I've got a pool with 4 mirrored(x2) vdevs. I had a drive start to throw sector errors so I decided to replace it. After taking the drive offline via the gui, I'm now stuck. The following things cause zfs to hang (command doesn't complete, pool not available, but the OS is available - e.g. can SSH into the server):
- "replace" via the GUI hangs zfs
- "zpool replace" via command line hangs zfs
- "zpool attach" via command line hangs zfs
- "zpool detach" via command line hangs zfs

Something with the identifying on the drive went haywire. Here is the zpool status output:

pool: pool0
state: DEGRADED
status: One or more devices has been taken offline by the administrator.
Sufficient replicas exist for the pool to continue functioning in a
degraded state.
action: Online the device using 'zpool online' or replace the device with
'zpool replace'.
scan: scrub repaired 0 in 6h18m with 0 errors on Thu Jan 2 13:18:09 2014
config:

NAME STATE READ WRITE CKSUM
pool0 DEGRADED 0 0 0
mirror-0 ONLINE 0 0 0
gptid/6b1a2268-cd59-11e2-a450-6805ca0df8de ONLINE 0 0 0
gptid/c0f72699-38fd-11e2-b89f-6805ca0dea40 ONLINE 0 0 0
mirror-1 DEGRADED 0 0 0
12540302857970932507 OFFLINE 0 0 0 was /dev/gptid/82b5c85e-cd59-11e2-a450-6805ca0df8de
gptid/a26d10ed-debc-11e2-82df-0015172951de ONLINE 0 0 0
mirror-2 ONLINE 0 0 0
gptid/d50f089e-cd59-11e2-a450-6805ca0df8de ONLINE 0 0 0
gptid/0213231d-5064-11e2-8d3e-6805ca0dea40 ONLINE 0 0 0
mirror-3 ONLINE 0 0 0
gptid/071cd876-cd5a-11e2-a450-6805ca0df8de ONLINE 0 0 0
gptid/4f9bc54e-bce3-11e2-8a6d-20cf3032cfe3 ONLINE 0 0 0

errors: No known data errors

Note the "12540302857970932507" and the "was /dev/gptid/82b5c85e-cd59-11e2-a450-6805ca0df8de" in mirror-1.

I can't reference either on the command line to get a replacement (or detach) to happen. If I reference "gptid/a26d10ed-debc-11e2-82df-0015172951de" which should allow me to do an attach with another drive (to at least get that mirror back to 2 live drives) it doesn't work (hangs).

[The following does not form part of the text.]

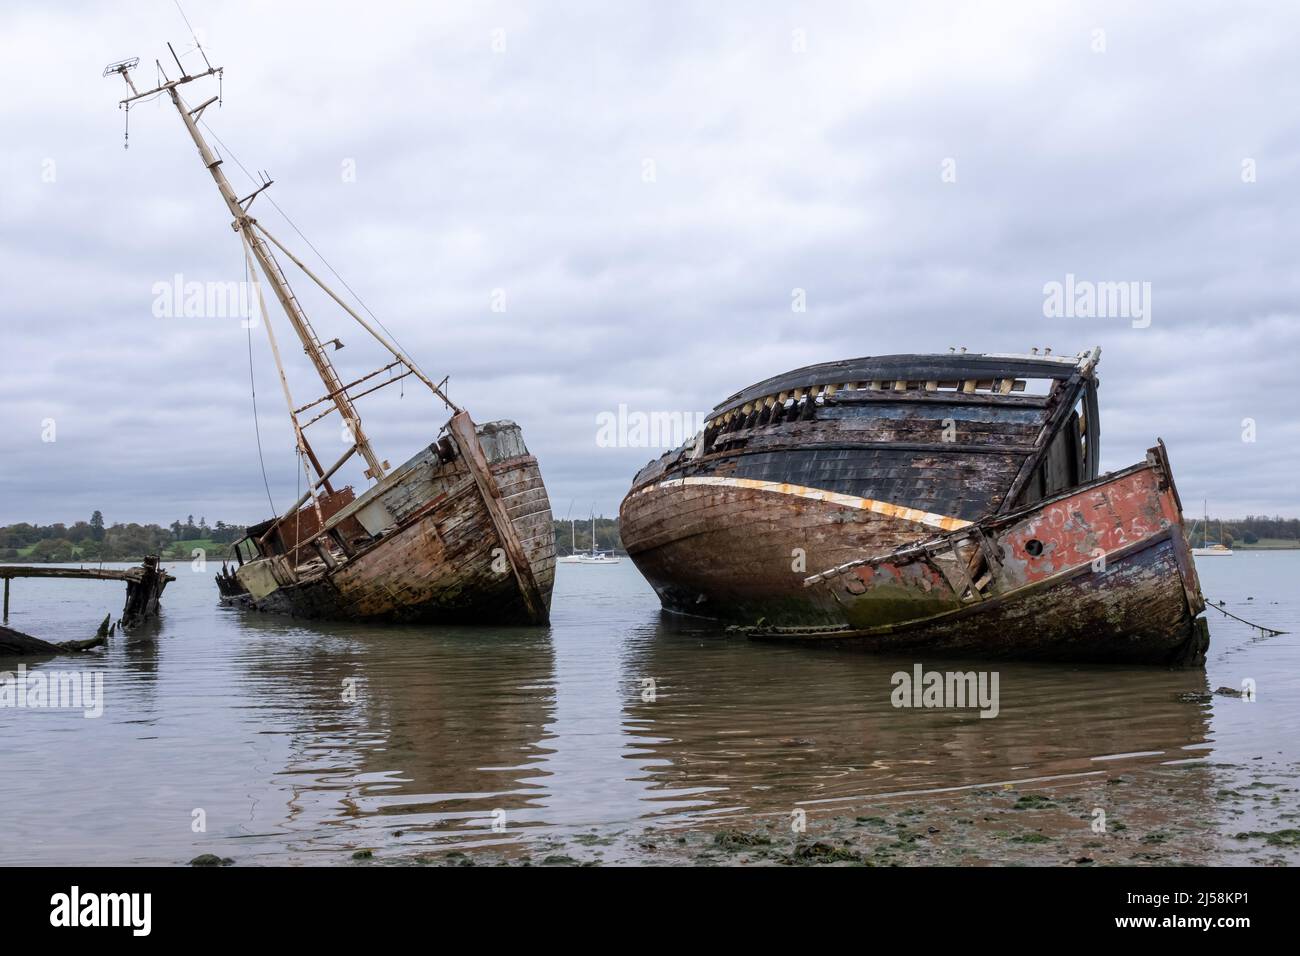 Collection of wooden boat wrecks at the boat 'graveyard' at Pin Mill, along the banks of the River Orwell near to Ipswich in Suffolk, England. Stock Photo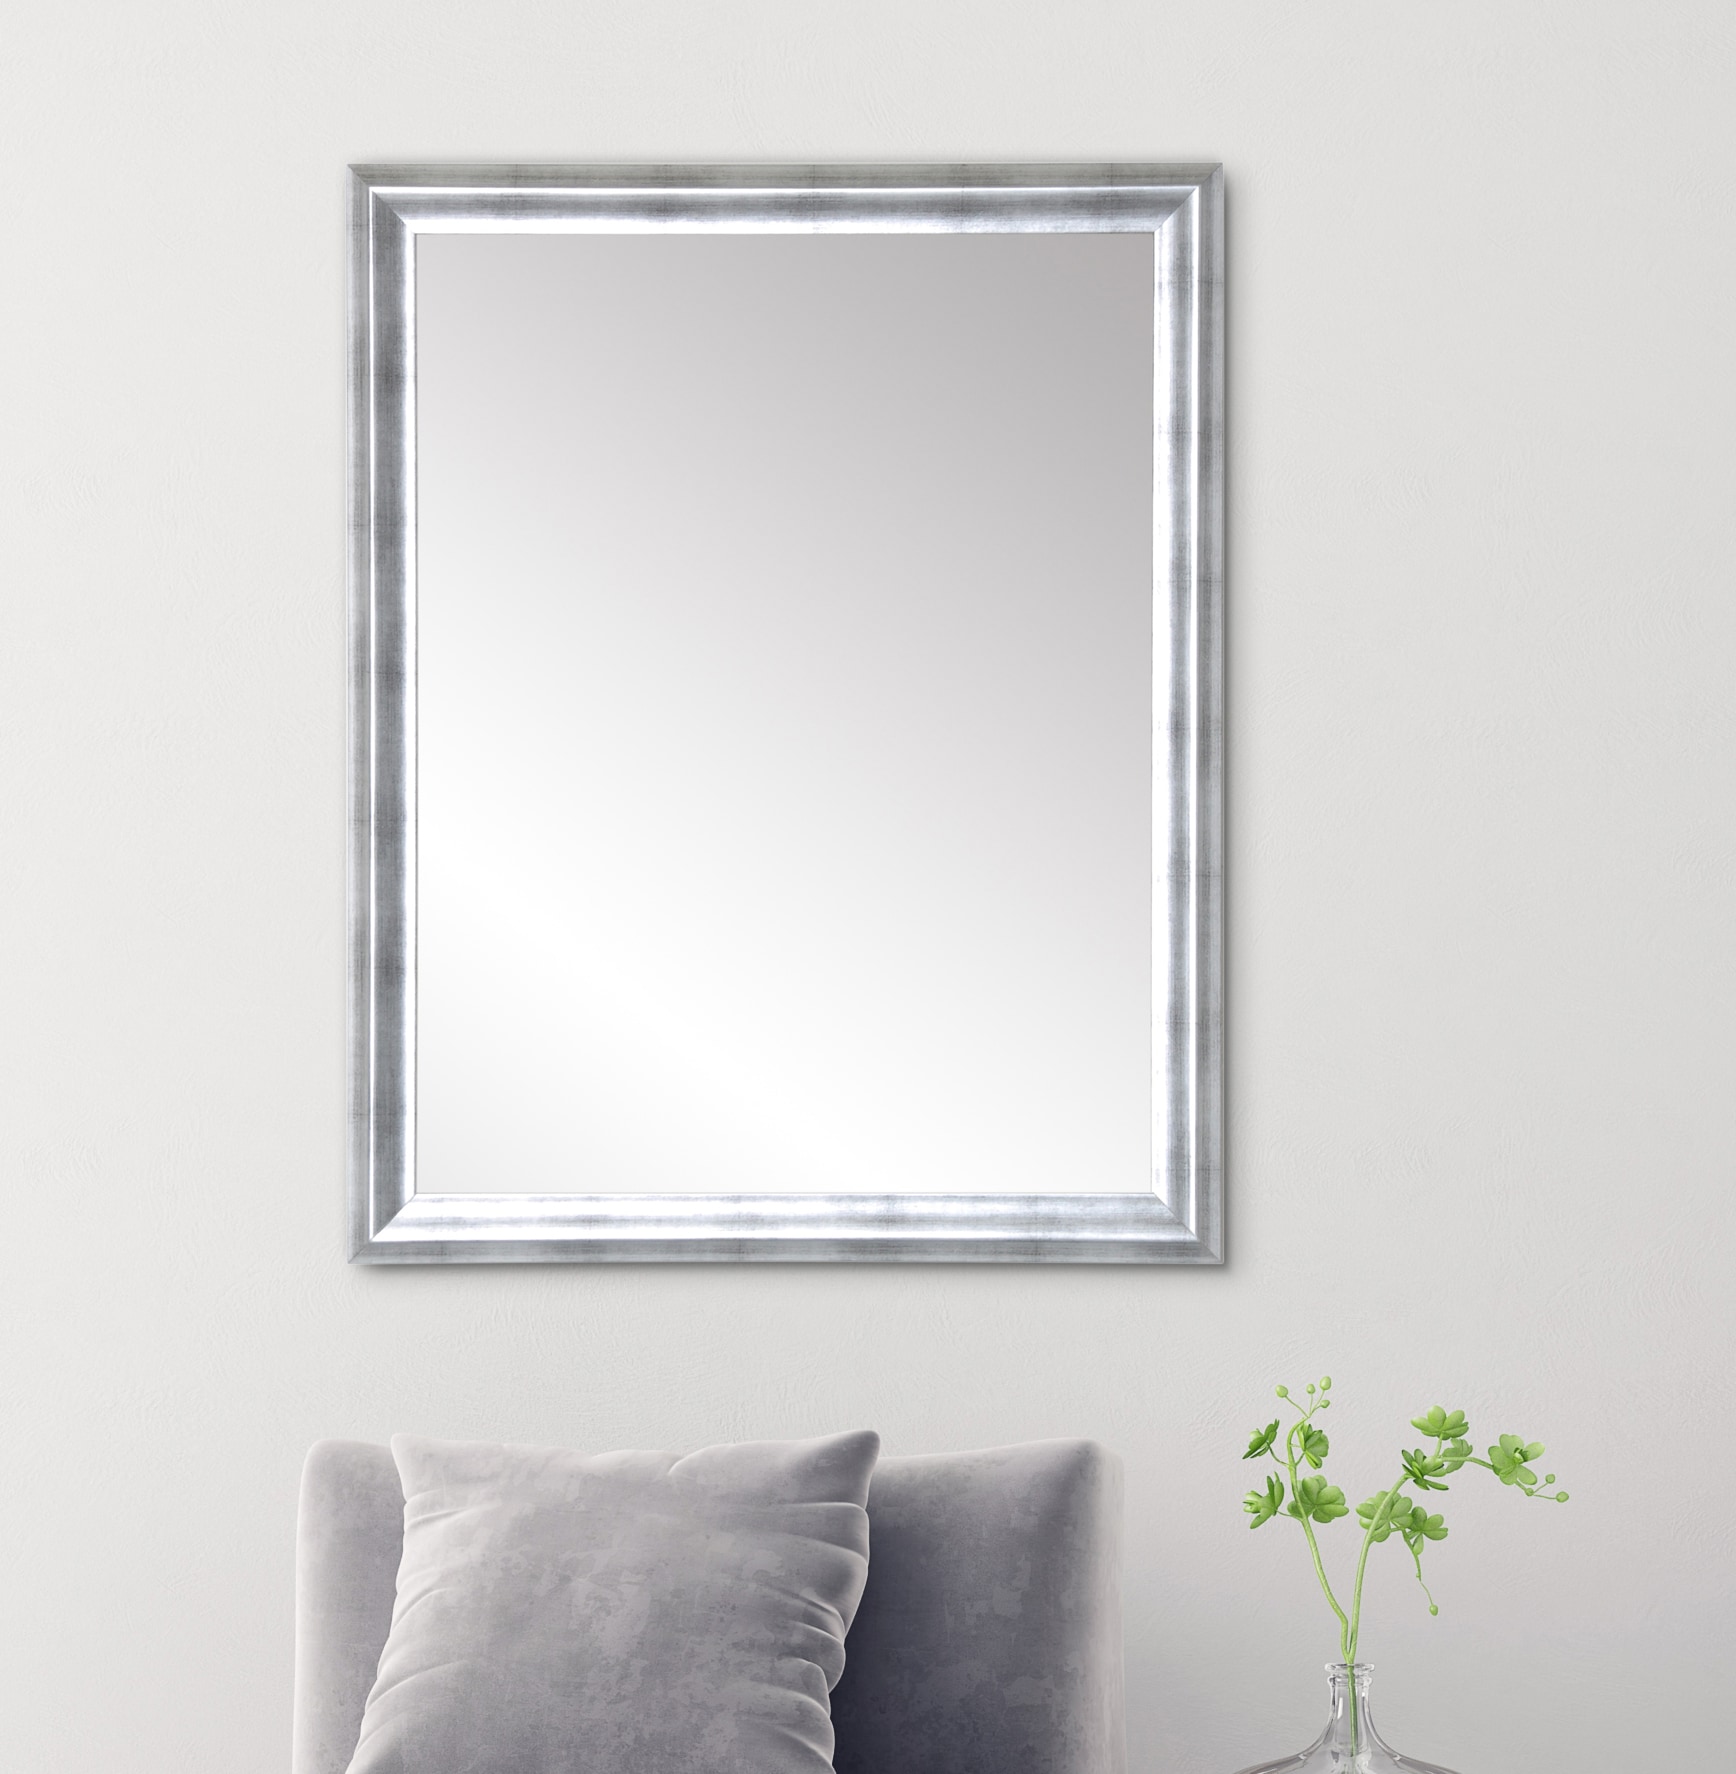 BrandtWorks 31-in W x 40-in H Silver/Antique Framed Wall Mirror in the ...

The pool operates in a degraded state if I don't attempt any changes.

Ideas anyone?
 

jyb3

Dabbler
Joined
Jan 12, 2014
Messages
18
I wonder if it will even be re-reviewed since two days ago the status of 3925 was set to "3rd party to resolve"? Not sure how the review process works.
 

cyberjock

Inactive Account
Joined
Mar 25, 2012
Messages
19,526
Not likely. If you read that whole ticket Jordan Hubbard says something like "sounds like a hardware issue or at least something we can't fix". So I'd say unless there's evidence the problem is in FreeNAS' court then I wouldn't expect anything to change.

Notworthy things to mention in my opinion from that ticket was:

1. Not using hardware that's even remotely recommended. Not only is consumer motherboard manufacturers like Asus not recommended he went with AMD, which is well known to cause all sorts of problems that aren't fixable because AMD support for FreeBSD is a total unmitigated disaster.
2. On top of it, he mentions that he had used an L2ARC. Ok, whatever. The limit on that motherboard is a claimed 16GB of RAM. You shouldn't even be considering an L2ARC until you hit 64GB of RAM.
3. You should be using ECC RAM, which he may or may not have been using. More than likely not considering his choice of motherboard and CPU.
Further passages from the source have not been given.